Other notable romnances include Sergey Kireyev, Tchaikovsky's his first crush, who Tchaikovsky met when he was 16 and Sergey 12. They met again in 1867, when Kireyev was 22, and Tchaikovsky wrote to his brother Anatoly, "How sweet he is, though not so handsome as formerly."[9] Later, Tchaikovsky and Joseph Kotek began a romantic affair in 1877 when Kotek was 21 and Tchaikovsky was 37, though Tchaikovsky had known him for six years by that time.[10] A letter indicates that although claimed to "feel disgusted if this wonderful youth stooped to sex with an aged and fat-bellied man," he was nevertheless successful and Kotek returned these feelings:
I made a total confession of love, begging him not to be angry, not to feel constrained if I bore him, etc. All of these confessions were met with a thousand various small caresses, strokes on the shoulder, cheeks, and strokes across my head. I am incapable of expressing to you the full degree of bliss that I experienced by completely giving myself away.
Unfortunately, Kotek died of tuberculosis in Switzerland in 1885, causing Tchaikovsky tremendous grief.
There has been a historic legend around Tchaikovsky alleged attempting suicide, analyzed and refuted by scholars such as Alexander Poznansky. The plot of the legend, according to which the scandal erupted because of Tchaikovsky's acquaintance on a steamship with the 13-year-old nephew of Count Stenbock-Fermor, reproduces the real story of Tchaikovsky's friendship with 14-year-old Vladimir (Volodya) Sklifosovsky (the son of a famous surgeon) in April 1889, which caused a stir.

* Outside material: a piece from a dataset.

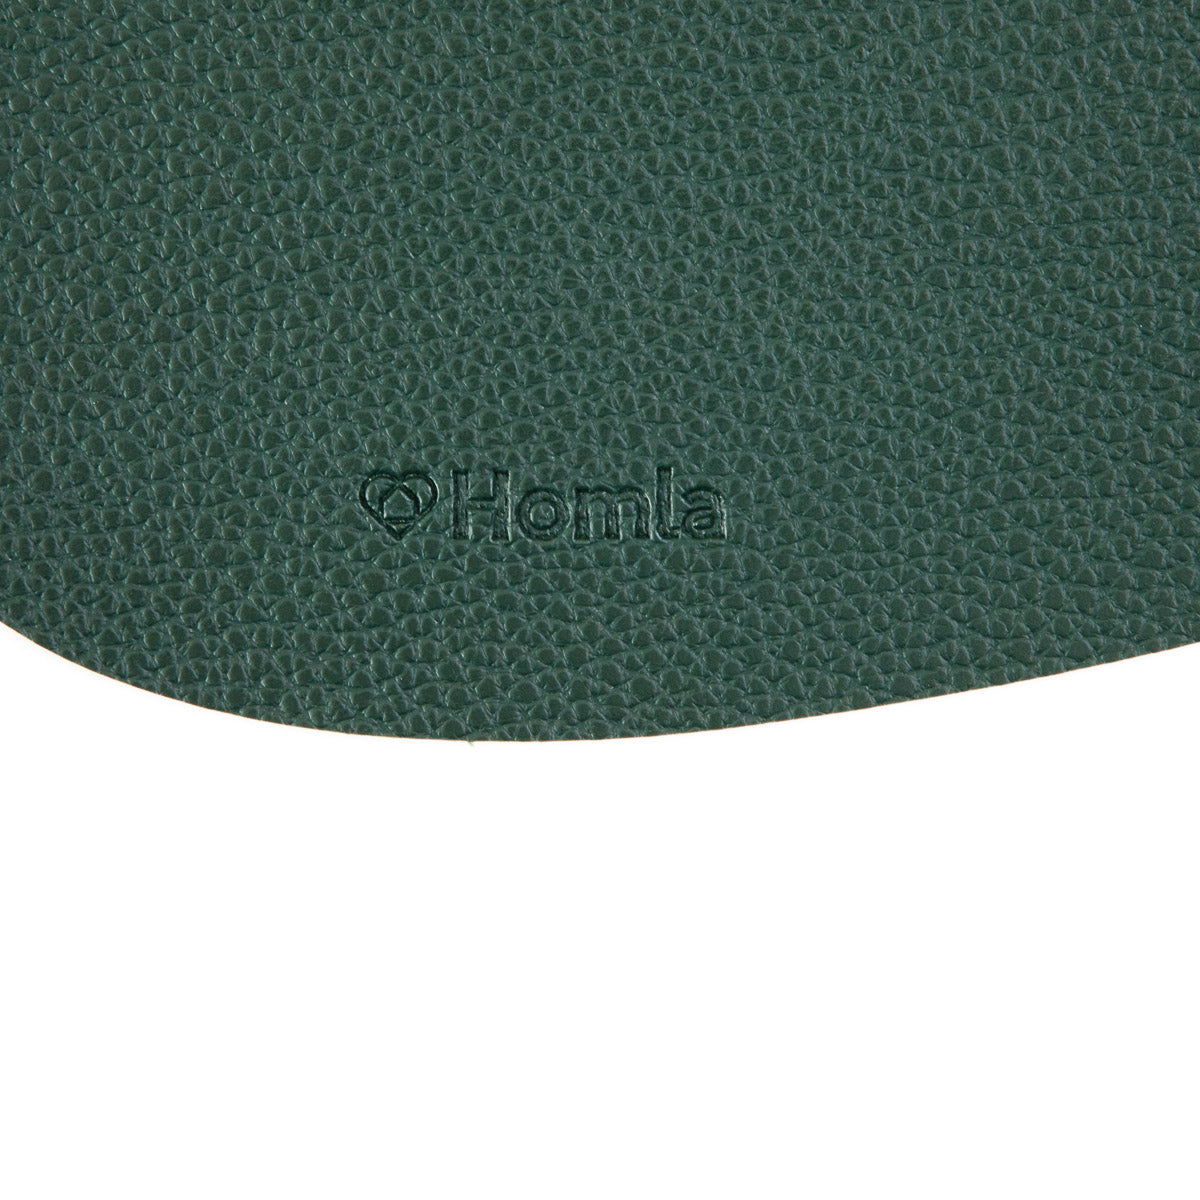 Suport Farfurii de Masa Femelo Verde 38 cm

In Tchaikovsky's diaries during his stay in Klin, one can find numerous entries of an erotic nature about peasant children, whom he, in the words of Poznansky, “corrupted with gifts.” However, according to him, Tchaikovsky's erotic attraction towards them was platonic, amounting to aesthetic appreciation.[11]
Tchaikovsky's death is now attributed to cholera, caused by drinking unboiled water at a local restaurant.
References
- ↑ Love in the Shadows: Tchaikovsky's Censored Letters, Classical California KDFC (July, 2024).
- ↑ Dalya Alberge, Tchaikovsky and the secret gay loves censors tried to hide (The Guardian, 2018).
- ↑ See Marina Kostalevsky (ed.), The Tchaikovsky Papers: Unlocking the Family Archive (Yale University Press, 2018).
- ↑ Queer Composers - The Advocate.
- ↑ For a breakdown, see: Is there any evidence that the composer Peter Ilych Tchaikovsky was a pedophile/pederast? - Reddit thread (2020).
- ↑ Ibid.
- ↑ Review of D.H. Gutzman, Debauched Genius, The Loves of Pyotr Ilyich Tchaikovsky (2021) - William Percy Foundation (Feb 2021).
- ↑ Quotes slightly modified by removing page numbers.
- ↑ Ibid. Cf. http://en.tchaikovsky-research.net/pages/Sergey_Kireyev
- ↑ http://en.tchaikovsky-research.net/pages/Iosif_Kotek
- ↑ See the biography: Poznansky, Tchaikovsky: The Quest for the Inner Man.